May 18th, 2009
ZigBee-Powered Smart Grids: Coming To A Home Near You?
You can’t read a green-focused blog or periodical these days without seeing something about smart grids. Smart transmission grids from wind farms to cities, smart distribution grids from our local utilities, or even smart energy networks at home. The advertised benefits are many - the ability to move renewable energy from remote sources to urban areas, less energy waste in transmission, and the ability of utilities to optimize energy consumption across their grids all the way down to (and into) your home. To make this last leg work, utilities will need to be able to talk to your appliances, climate control systems, and other home energy devices in order to manage their energy production in a smart and low-carbon way. (For an entertaining and informative if optimistic description of how this might work some day, check out Chapter Ten of Thomas Friedman’s great book Hot, Flat and Crowded).
Enter ZigBee, a relatively new wireless technology that is a frontrunner in the race to network and control all of your home environmental systems. Now, if you’re like me, your first question might be whether we really need another wireless technology. As if WiFi, Ethernet, Bluetooth, CDMA, GSM, and the many other protocols out there aren’t enough already! But ZigBee has several major attributes that DO make it an important piece of the puzzle. The ZigBee protocol is optimized to pass relatively small amounts of data between devices efficiently - not great for streaming real-time voice conversations or music, but perfect for sending a thermostat setpoint or refrigerator temperature to the smart meter outside your home. The key benefits are that ZigBee transmitters are very simple and inexpensive to build AND they require very little power. They cost fractions of what a Bluetooth connection would cost, and can be powered for months or years on the smallest of batteries. This is the key advantage - they can be integrated into almost any point of home energy use (switches, outlets, lights, appliances) without requiring a significant power source and without driving up the price.
A home full of ZigBee-networked devices could be the termination point for the developing smart grid. All of your home energy users would be networked to a centralized controller or your PC, and you could see and change energy usage throughout your home from your office or cell phone. You could program lights and outlets to turn off if a room is unoccupied, or if electricity prices increased during a hot day. You could turn on your heating system and lights before arriving home on a cold winter’s night. And your utility could shut down or delay certain systems (with your pre-approval, of course) if it faced a day of peak demand across your local electricity grid.
So, if you consider yourself an early adopter of green technology, can you get your hands on any worthwhile ZigBee-powered devices? Unfortunately, there aren’t that many consumer-oriented ZigBee products available yet, but that’s likely to change. Utilities are already beginning to install ZigBee-enabled smart electricity meters on homes and apartments throughout the country, so expect to see products that communicate with them soon. Keep your eyes open for products from these leading ZigBee-related companies:
- Tendril. Tendril is a Boulder-based smart grid company that is launching a full line of residential products, including the Vantage Internet portal, the Insight home energy monitor, the Set Point thermostat and Volt wall outlets. They’re not available at retail yet, but they might be available through your utility if they happen to have a smart grid pilot program.

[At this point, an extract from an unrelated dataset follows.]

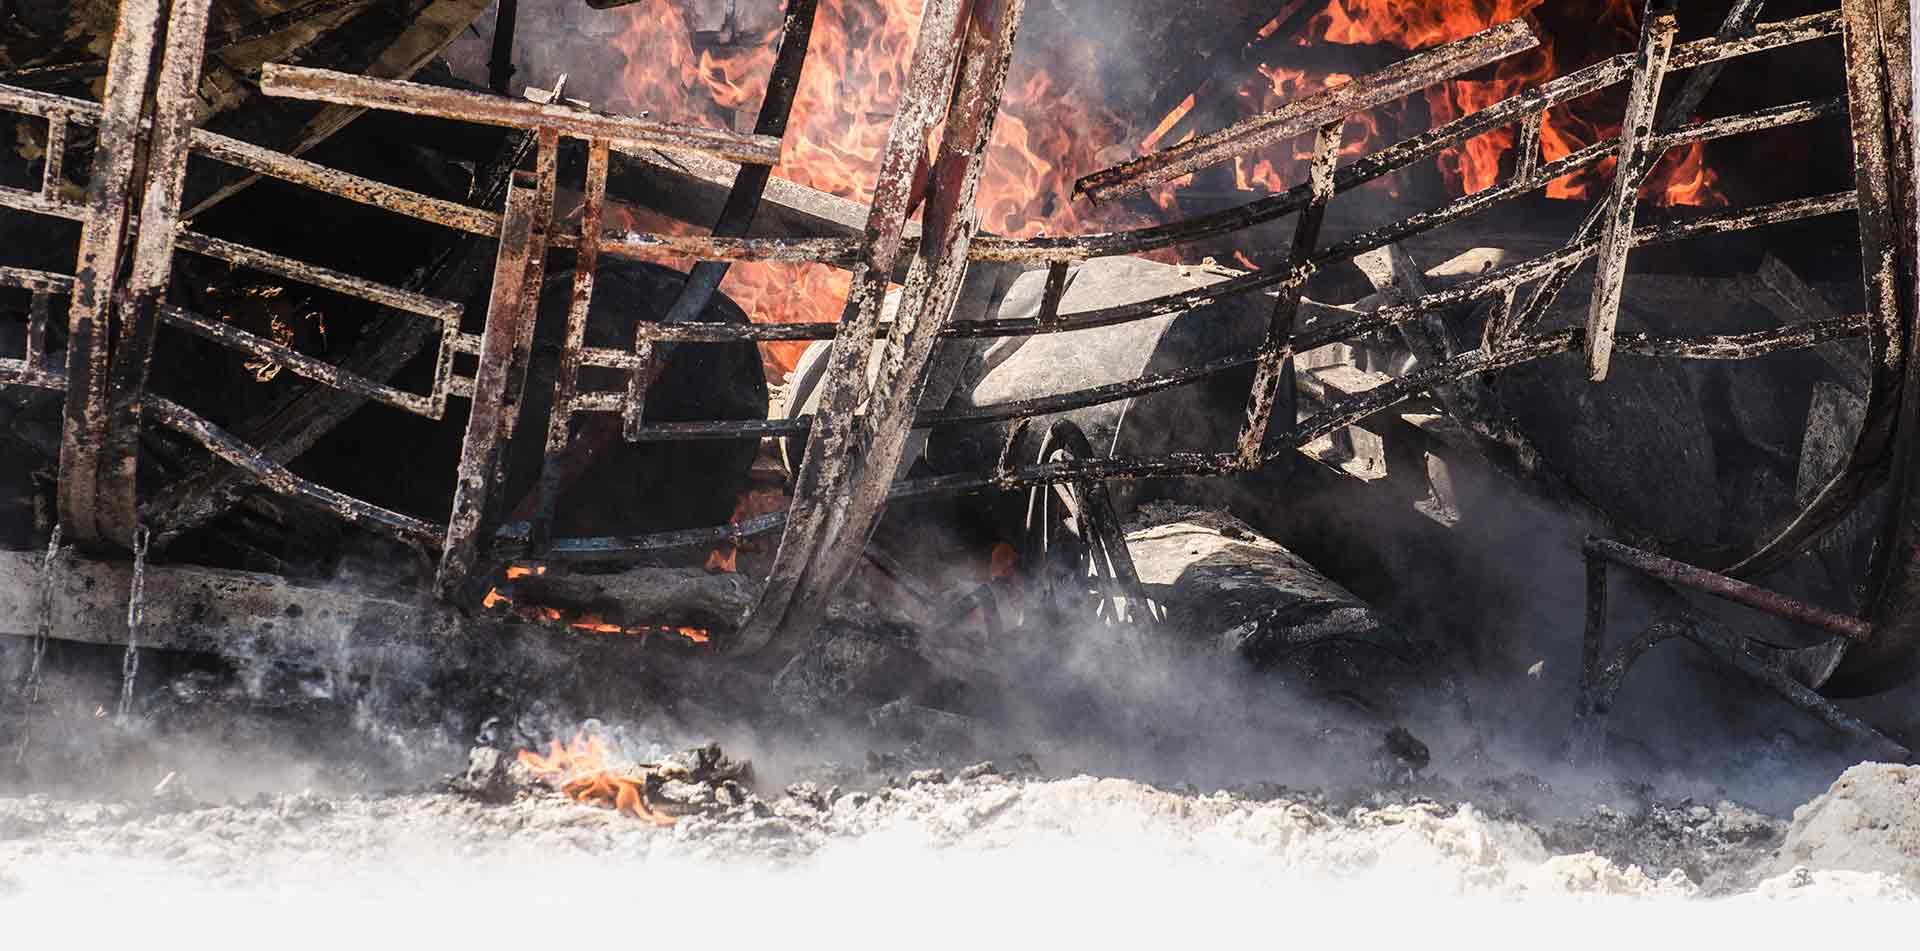 cosa fare in caso di incendio cta brendolan | Brendolan Emergency

- Cisco Systems. Cisco is the world’s largest networking hardware company, and just today they announced the outlines of their plans to enter the smart grid market. They stated the intention to enter the residential market without mentioning any specific plans. But Cisco’s successful forays into the small business and residential networking markets after initially focusing on corporate markets (via big steps like acquiring Linksys) suggests they’ll launch major initiatives soon.
- Greenbox. Greenbox will provide a web-based solution that allows you to manage your home’s energy usage and environmental footprint from one place.
- GE and other major appliance manufacturers. The major electronics companies haven’t announced many residential smart grid plans yet, but they’re clearly a big piece of the overall puzzle. Look for ZigBee in a refrigerator or washing machine near you soon.